CCTV footage has captured the moment a spark of static electricity ignited what became one of Melbourne’s worst industrial blazes of the past two decades.
It took nearly 200 firefighters more than four days to extinguish the fire that erupted in April 2019 at the Campbellfield premises of Bradbury Industrial Services; a chemical recycling operator that has since been linked to the largest illegal toxic waste dumping operation in Victorian history.
The smoke plume created by the blaze forced the closure of schools and businesses across the city’s northern suburbs, injuring one employee and exposing emergency responders and thousands of locals to toxic fumes.

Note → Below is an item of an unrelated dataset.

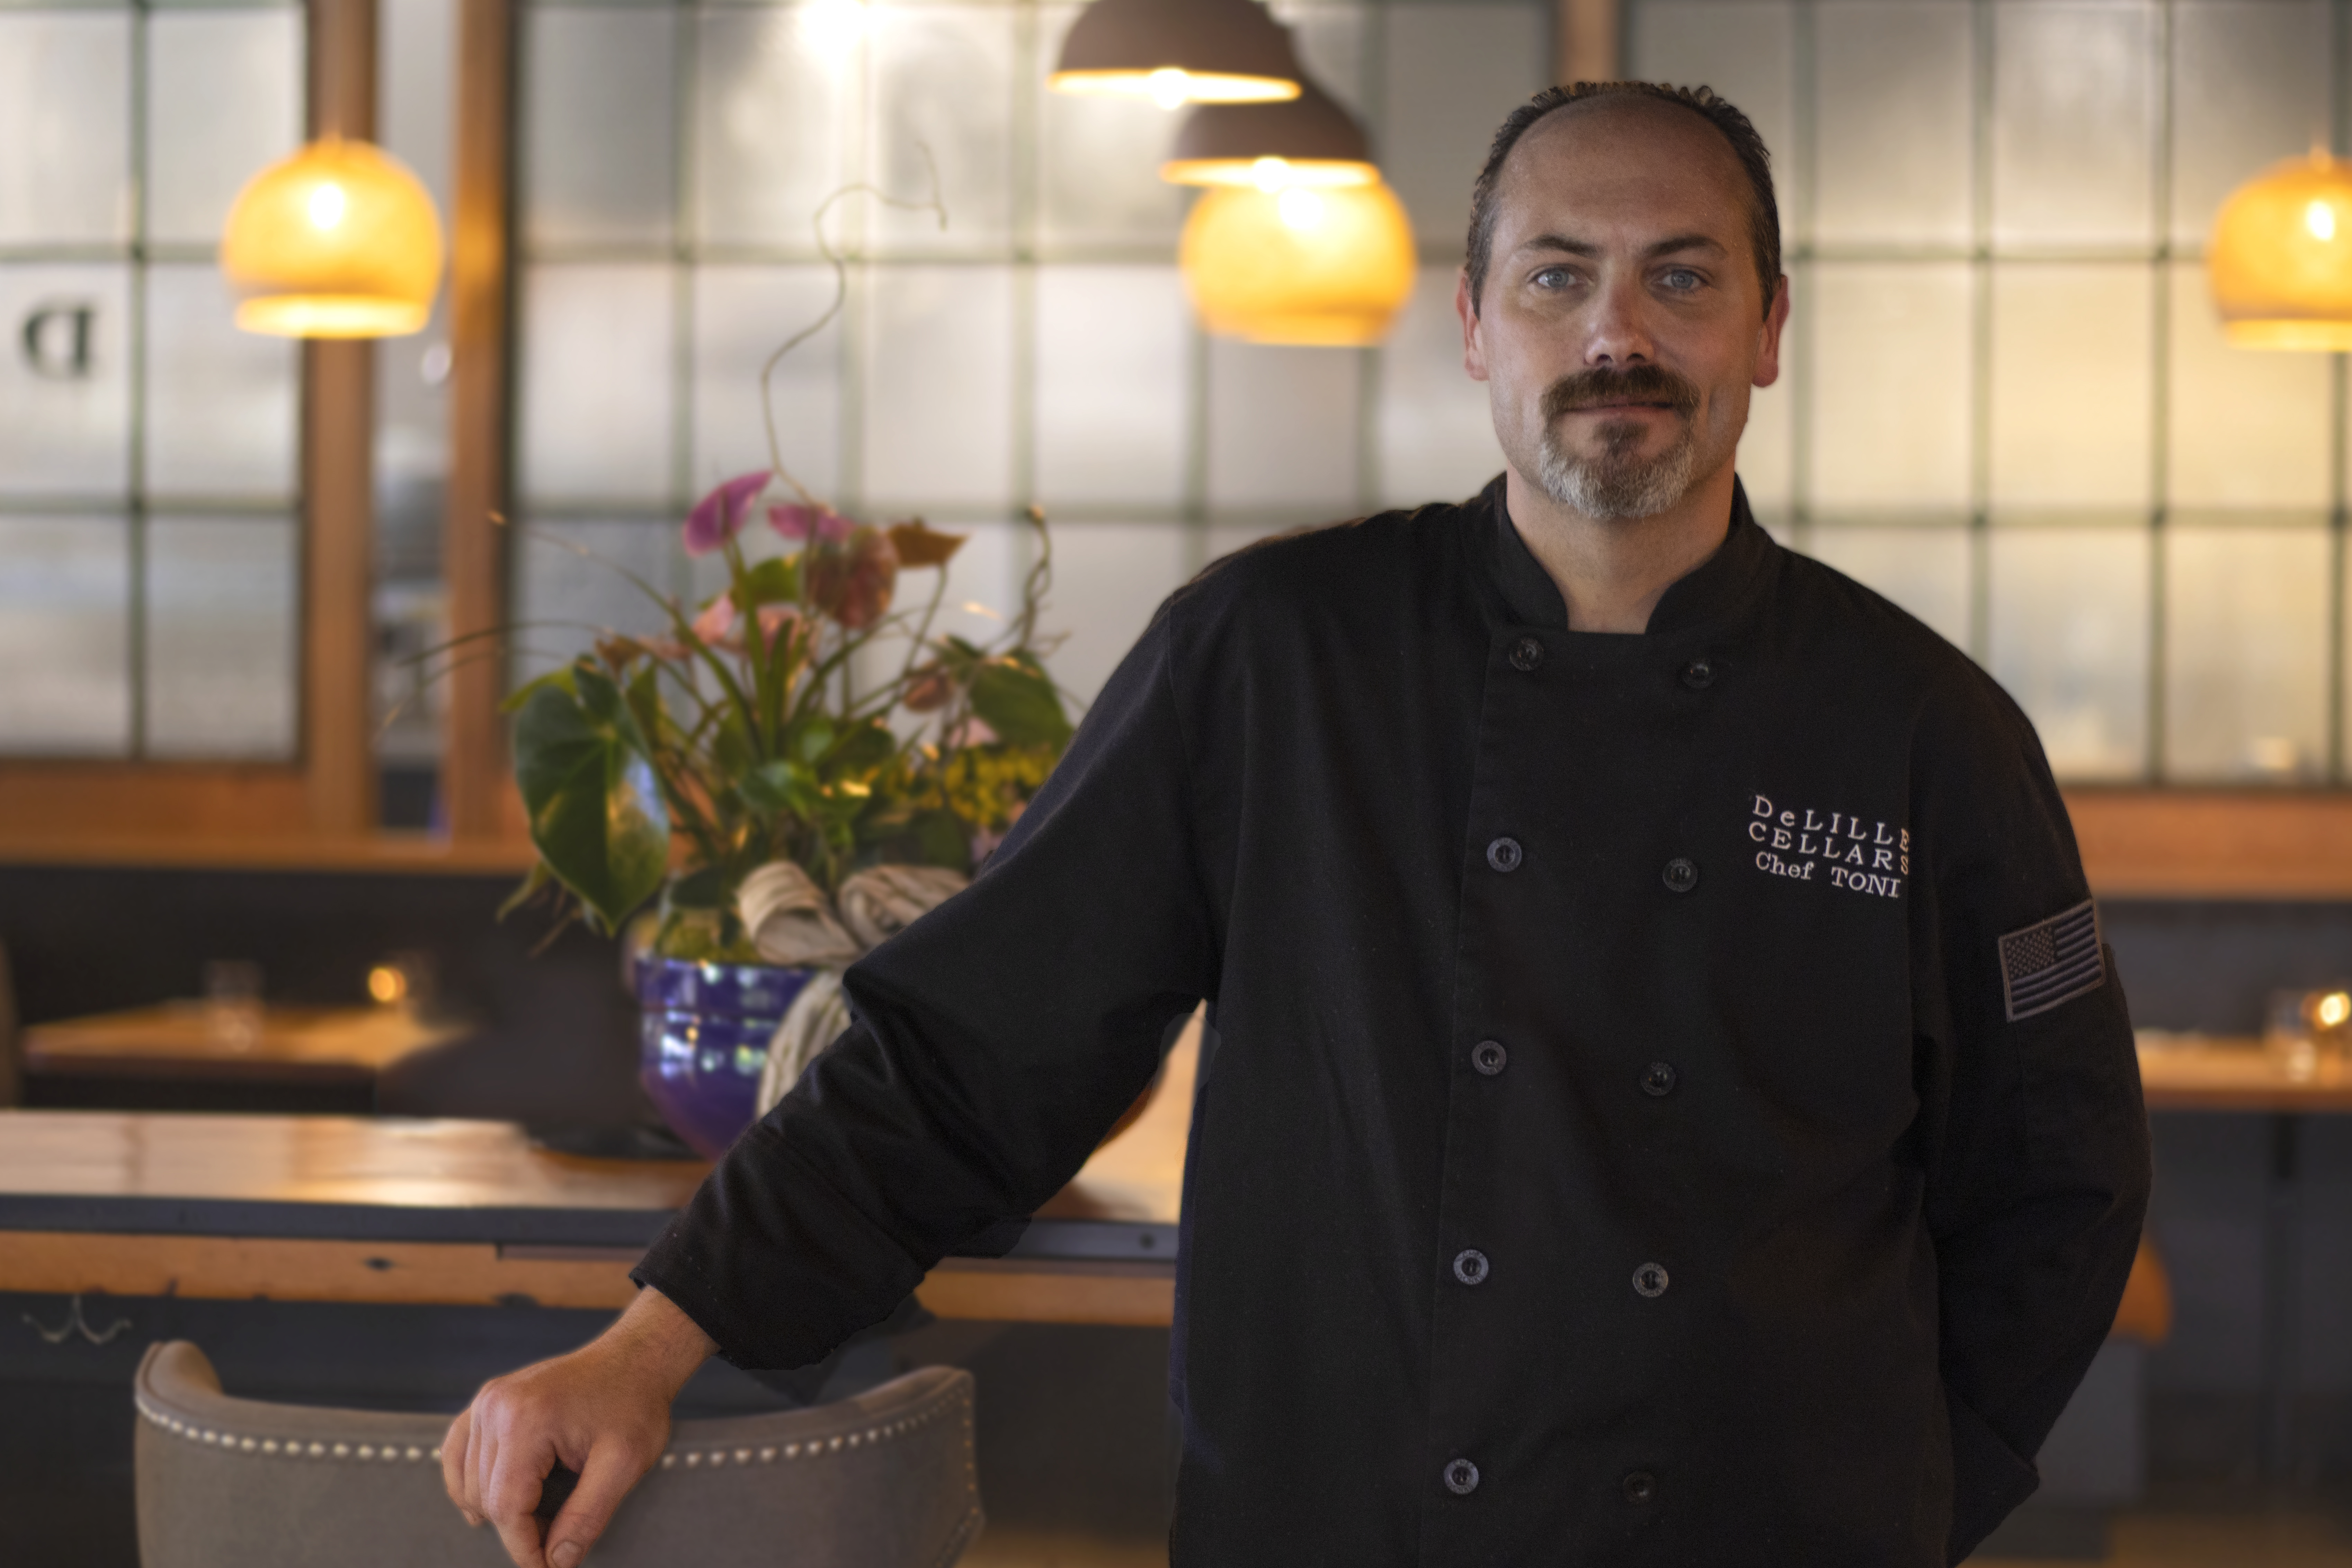 Chef Michael C. Toni at The Lounge Restaurant in Woodinville Washington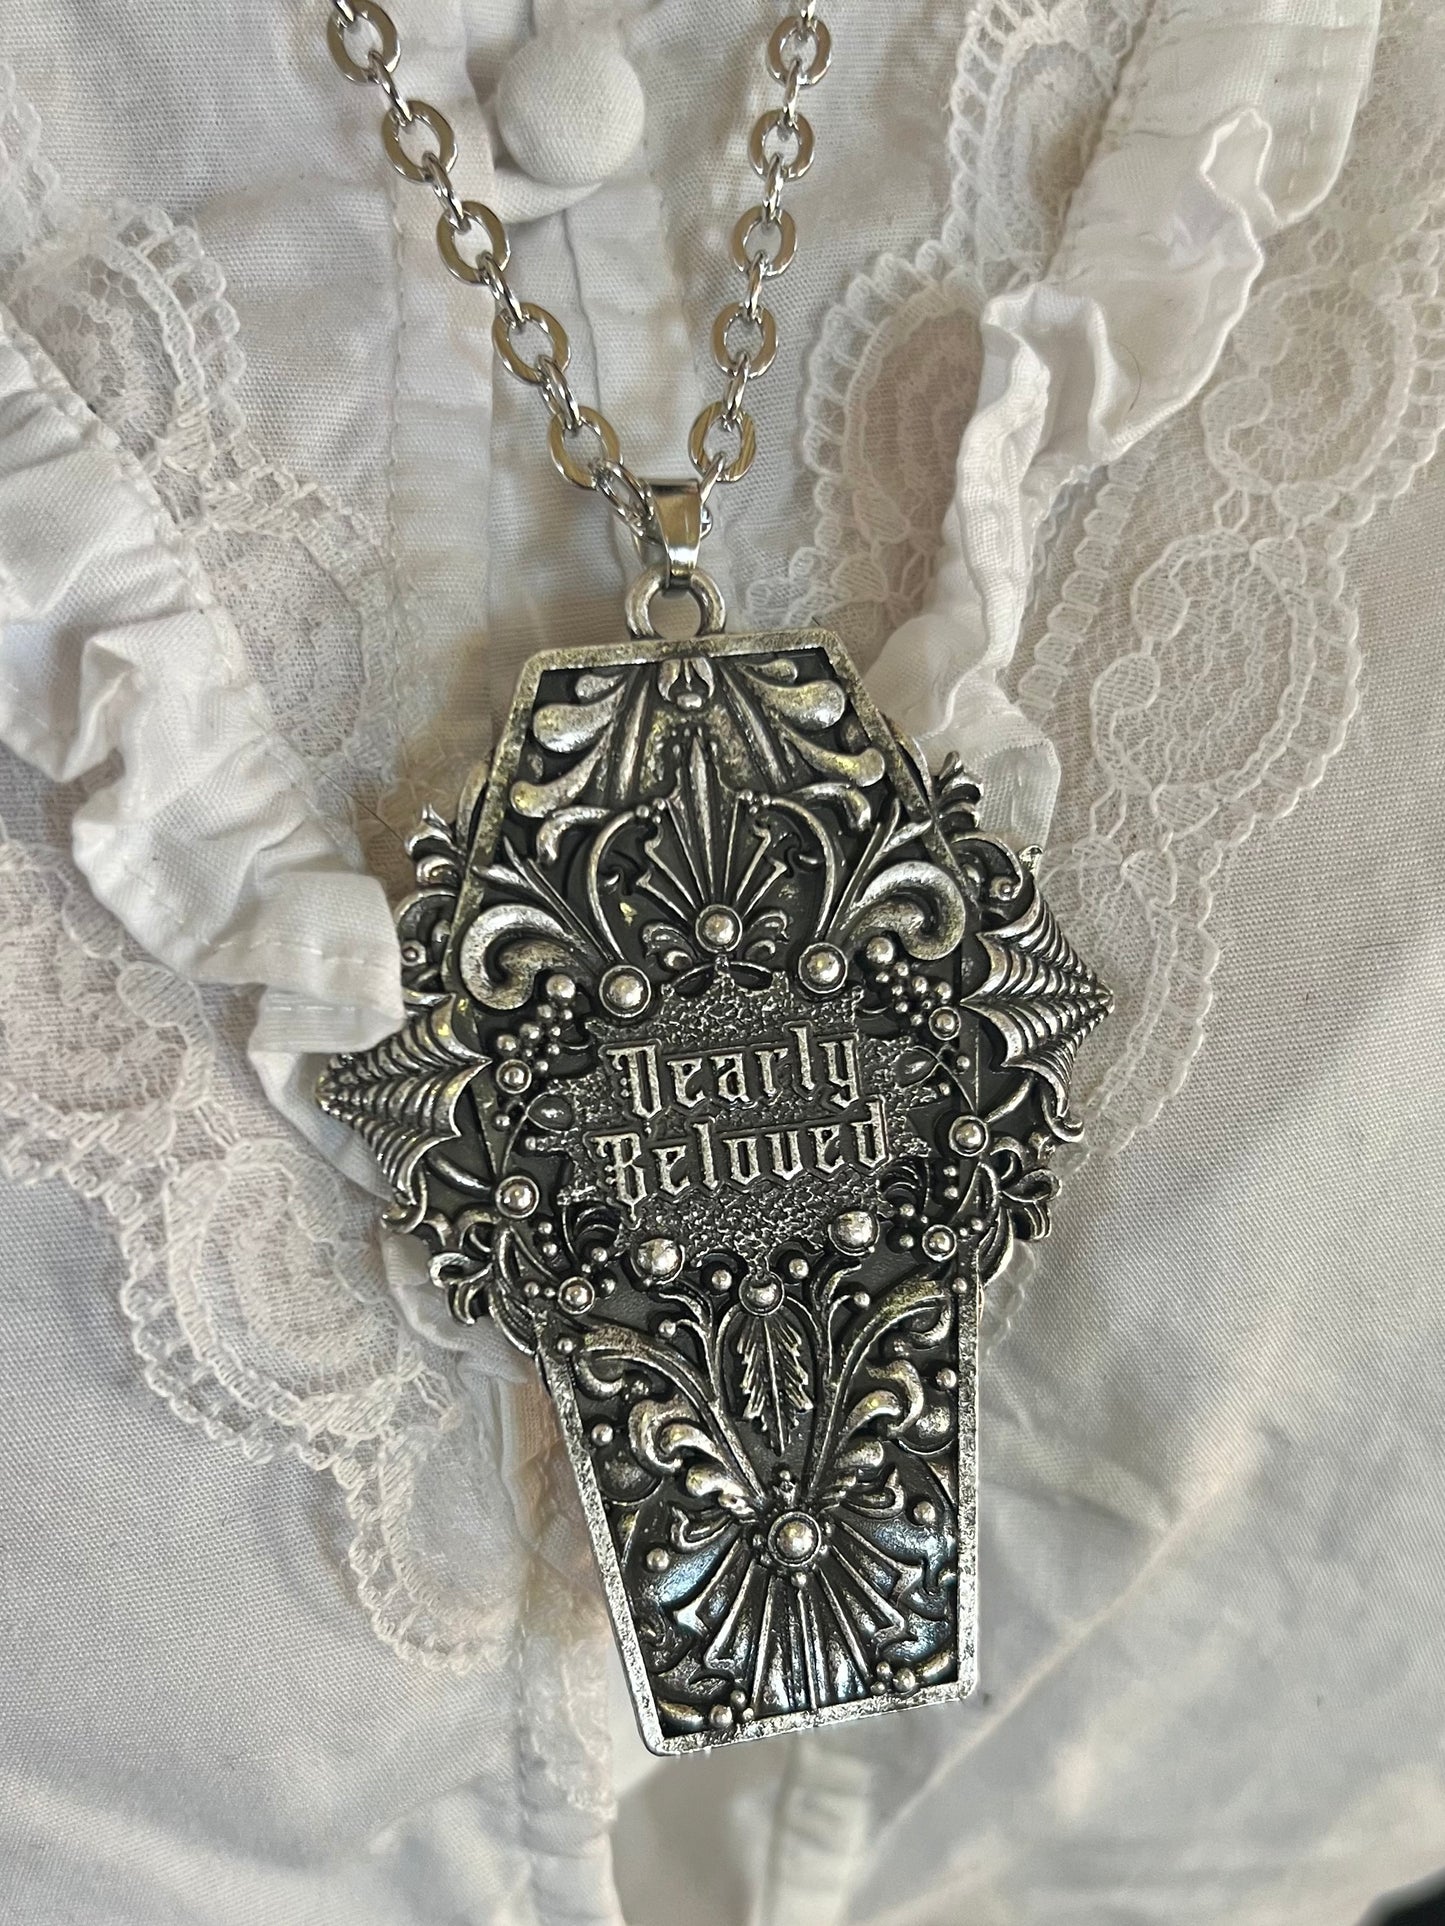 DEARLY BELOVED  - Mother of Hades Cast Coffin Necklace

More than four years later, the circumstances of the incident were revealed in the County Court on Wednesday after the company pleaded guilty to six charges relating to the fire and the illegal stockpiling of millions of litres of chemical waste in five other warehouses in the northern suburbs.
CCTV shows an employee catching alight and running from the area after what is believed to be an “electro-static discharge event” caused an explosion as a highly flammable chemical was being transferred between storage containers.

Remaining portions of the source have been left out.